Advantages of Our Solid Phase Synthesis Technology for Nucleic Acid Drugs

Solid-phase synthesis involves gradually adding nucleic acid bases to a solid carrier to extend the molecule's length through chemical reactions. This method enables the synthesis of nucleic acid molecules with specific sequences by immobilizing the 3'-end of the chain on a solid carrier and adding bases sequentially. The molecules are released from the carrier after each reaction by dissolving it, resulting in the synthesis of nucleic acid molecules with desired sequences.

Fig.1 Solid phase synthesis technology advantages for nucleic acid drugs Fig.1 Advantages of nucleic acid drugs solid phase synthesis technology. (CD Formulation)
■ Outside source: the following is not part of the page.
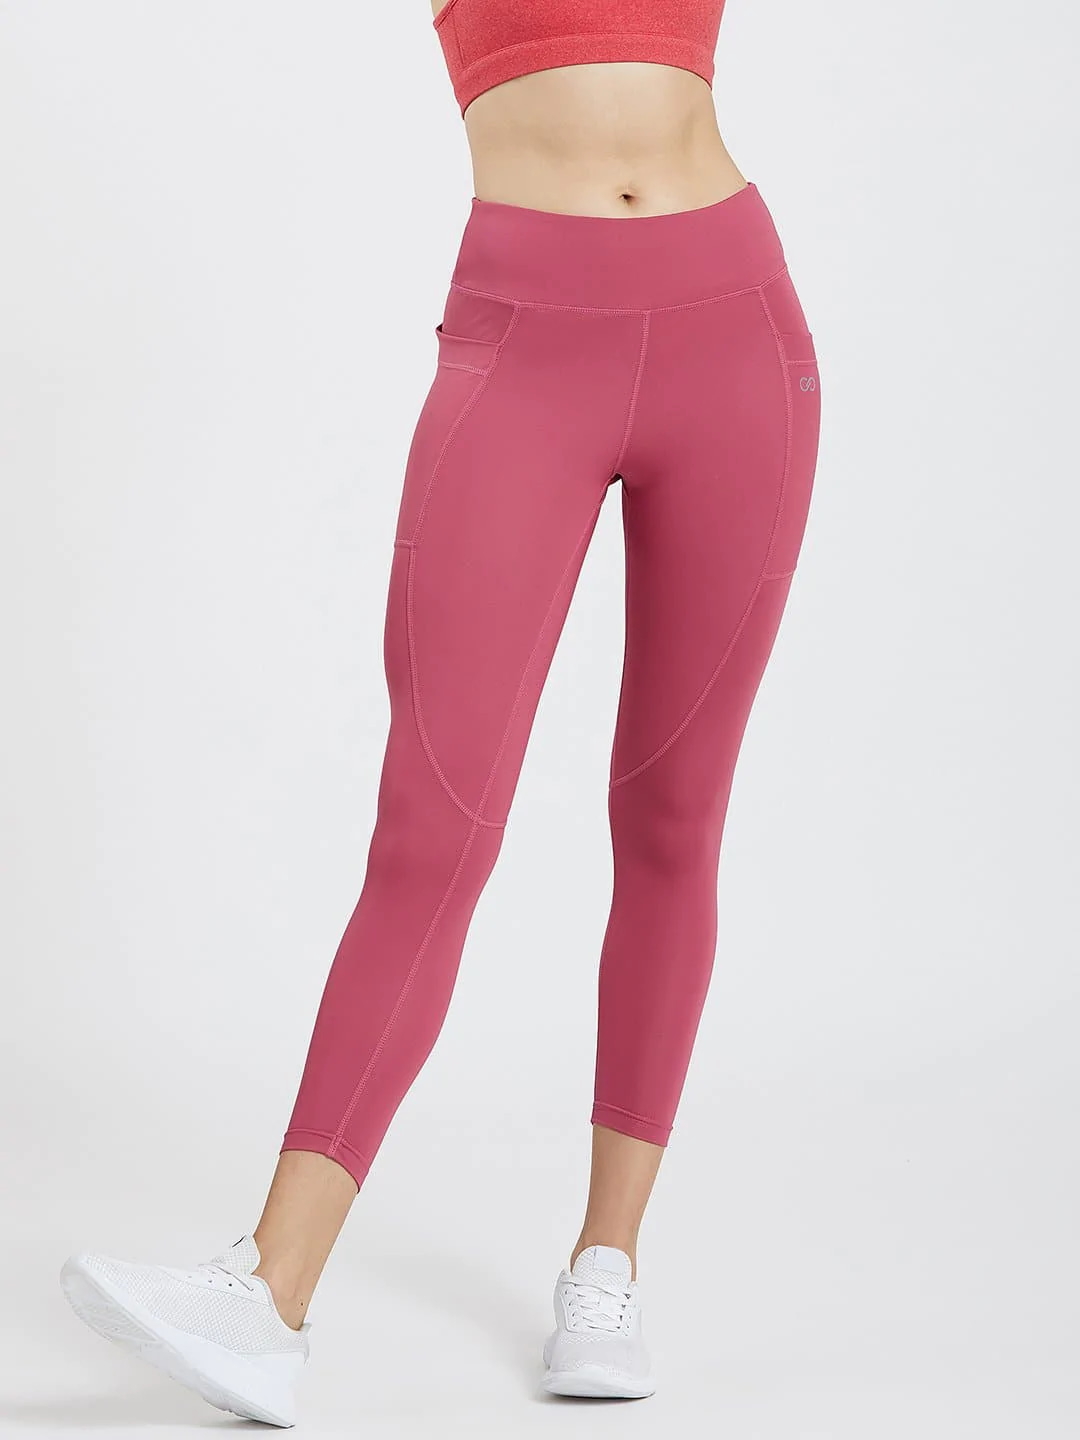 Leggings and Tights Buy Online in Qatar

Carriers for Solid Phase Synthesis of Nucleic Acid Drugs

CD Formulation utilizes various solid-phase carriers for nucleic acid solid-phase synthesis. These carriers are chemically stable and mechanically robust, effectively immobilizing the first base monomer and supporting subsequent synthesis steps based on specific nucleic acid requirements and customer applications.

Common solid-phase carriers for nucleic acid synthesis have specific characteristics.
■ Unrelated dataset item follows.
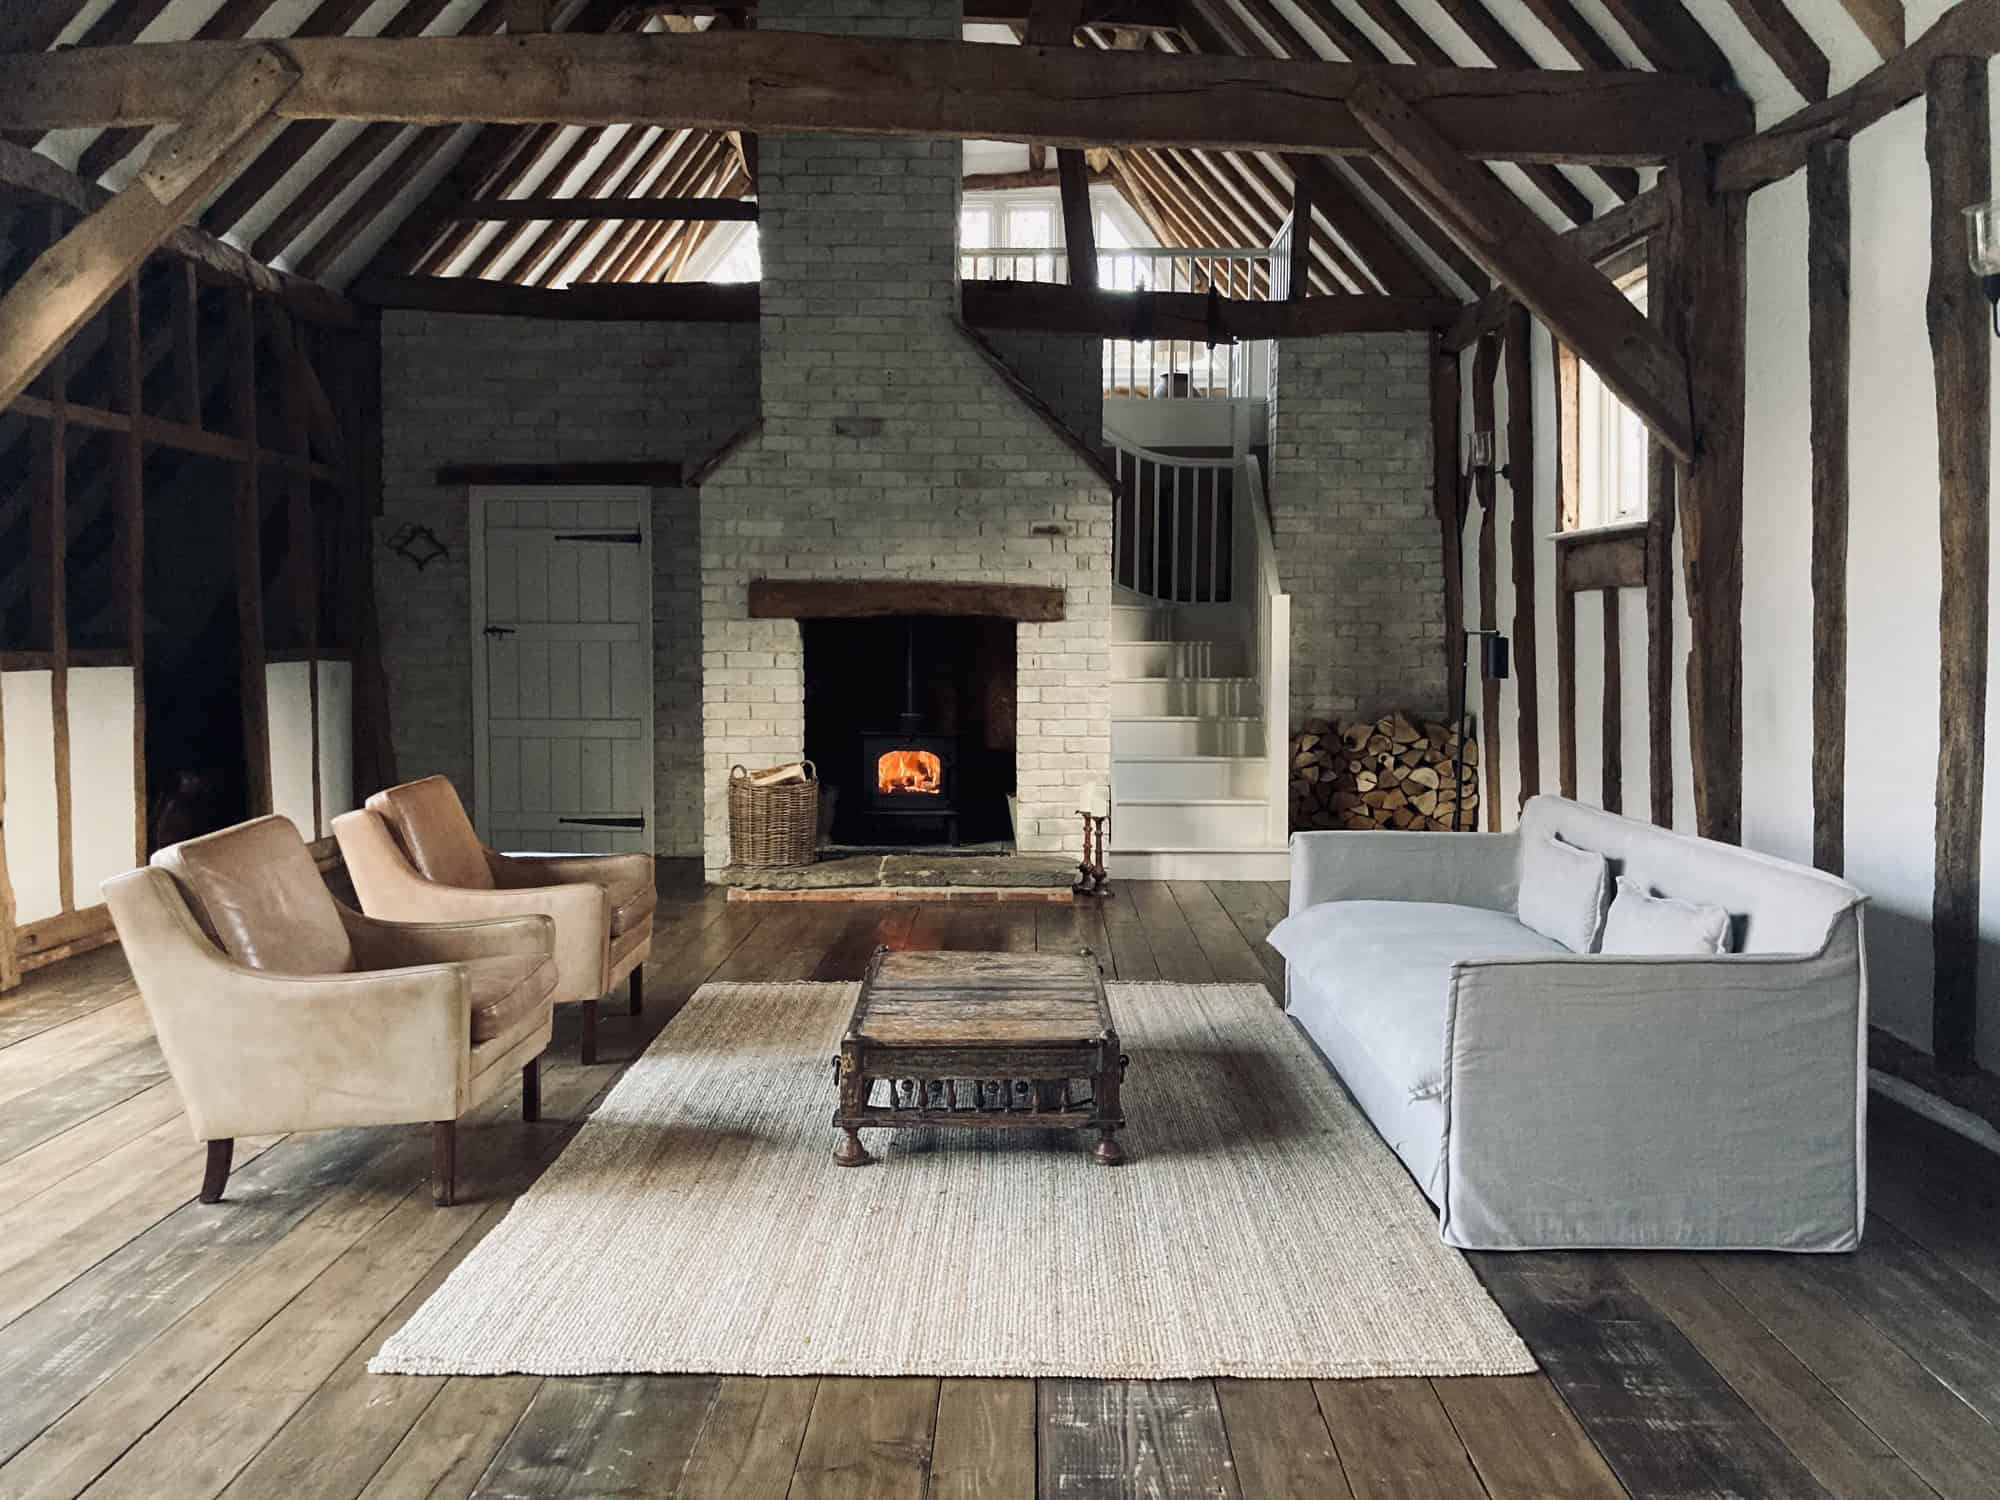 Hambledon PO7 - A beautiful barn conversion in the South Downs National Park. Available to hire for commercial photography and filming - The Location Guys

Solid-phase Carriers	Features	Advantages
Controlled Pore Glass (CPG)	CPG exhibits excellent chemical resistance, high mechanical strength, and controlled pore size.	It is suitable for synthesizing long-chain nucleic acids, with high elution efficiency and uniform pore size distribution, promoting homogeneous reactions.
Polystyrene (PS)	High chemical inertness, good mechanical strength, and moderate pricing.	Widely used in various biosynthesis reactions, easy to handle, and suitable for large-scale synthesis.
Polyethylene Glycol (PEG)	The structure of the chain is flexible, with good solubility and biocompatibility.	It can enhance the yield and purity of nucleic acid chains, minimize side reactions, and is particularly suitable for nucleic acid synthesis with special modifications and intracellular applications.
Monomolecular Glass (MMG)	Monodispersed glass substrate.	Provides a high-purity synthesis environment to reduce non-specific reactions and strand breaks.
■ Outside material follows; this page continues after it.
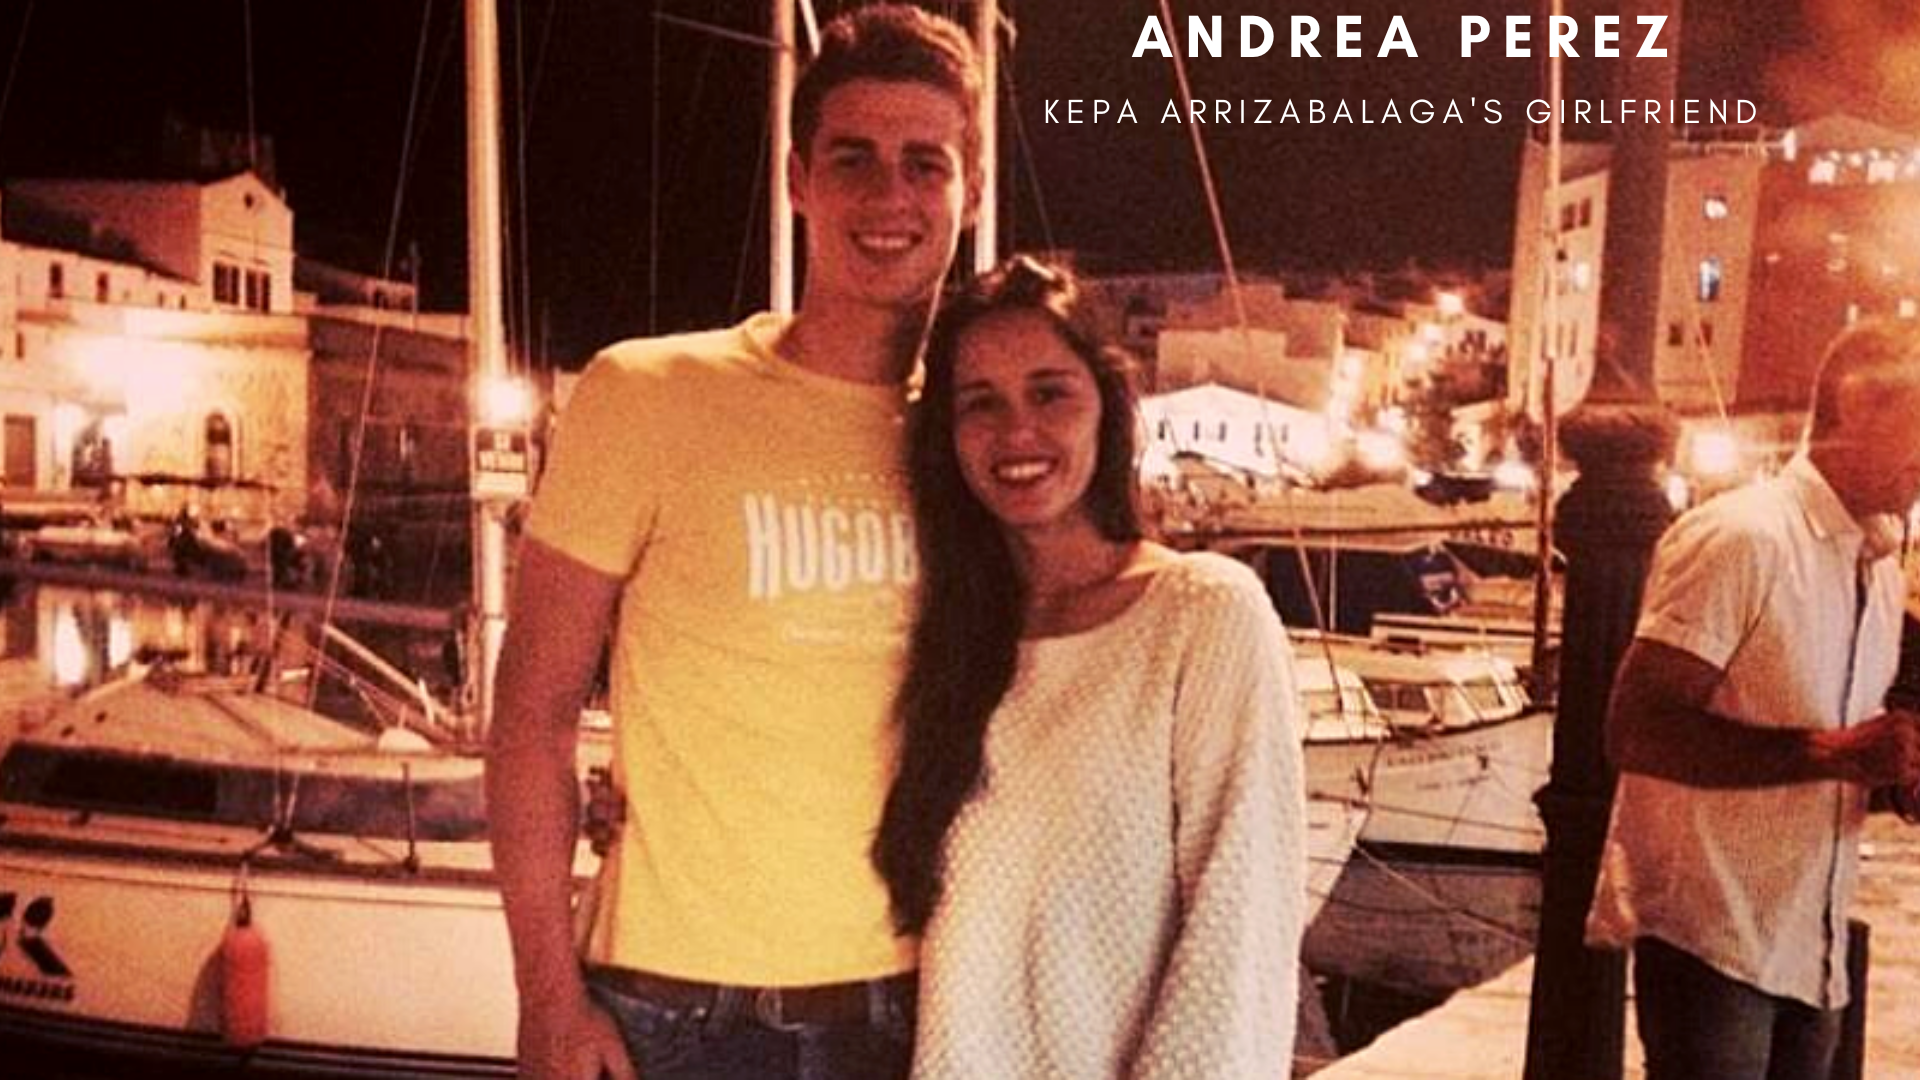 Kepa Arrizabalaga with girlfriend Andrea Perez. (Picture was taken from thesportsrush.com)

Our Workflow for Solid Phase Synthesis of Nucleic Acid Drugs

CD Formulation specializes in nucleic acid drug development and manufacturing, with expertise in solid-phase synthesis. The process includes four main steps: deprotection, coupling, oxidation, and capping.

Fig.2 Phosphoramidite chemistry for the synthesis of oligonucleotides in solid phase Fig.2 Solid-phase synthesis of oligonucleotides by phosphoramidite chemistry. (Bege M, et al., 2021)

De-protection

This step is essential in solid-phase synthesis as it removes the protecting group, typically a DMT (Dimethoxytrityl) group, from the 5' end of the nucleotide. This activation enables the 5' hydroxyl group of the nucleotide to engage in the next reaction.

Coupling

After deprotection, the activated 5' hydroxyl or amino group is exposed for coupling to the next nucleotide or amino acid. Activators like DCC, HBTU, and DIC are commonly used to enhance coupling efficiency, crucial for synthesis yield and purity.

Oxidation/Condensation

After coupling in nucleic acid synthesis, phosphoramidite bonds must be oxidized to phosphate bonds using oxidizing agents.

Capping

To prevent unreacted ends from becoming by-products in later reactions, a capping reagent (e.g., acetic anhydride) is used to close these ends. This process maintains the purity of the final product by preventing uncoupled precursors from interfering with subsequent synthesis.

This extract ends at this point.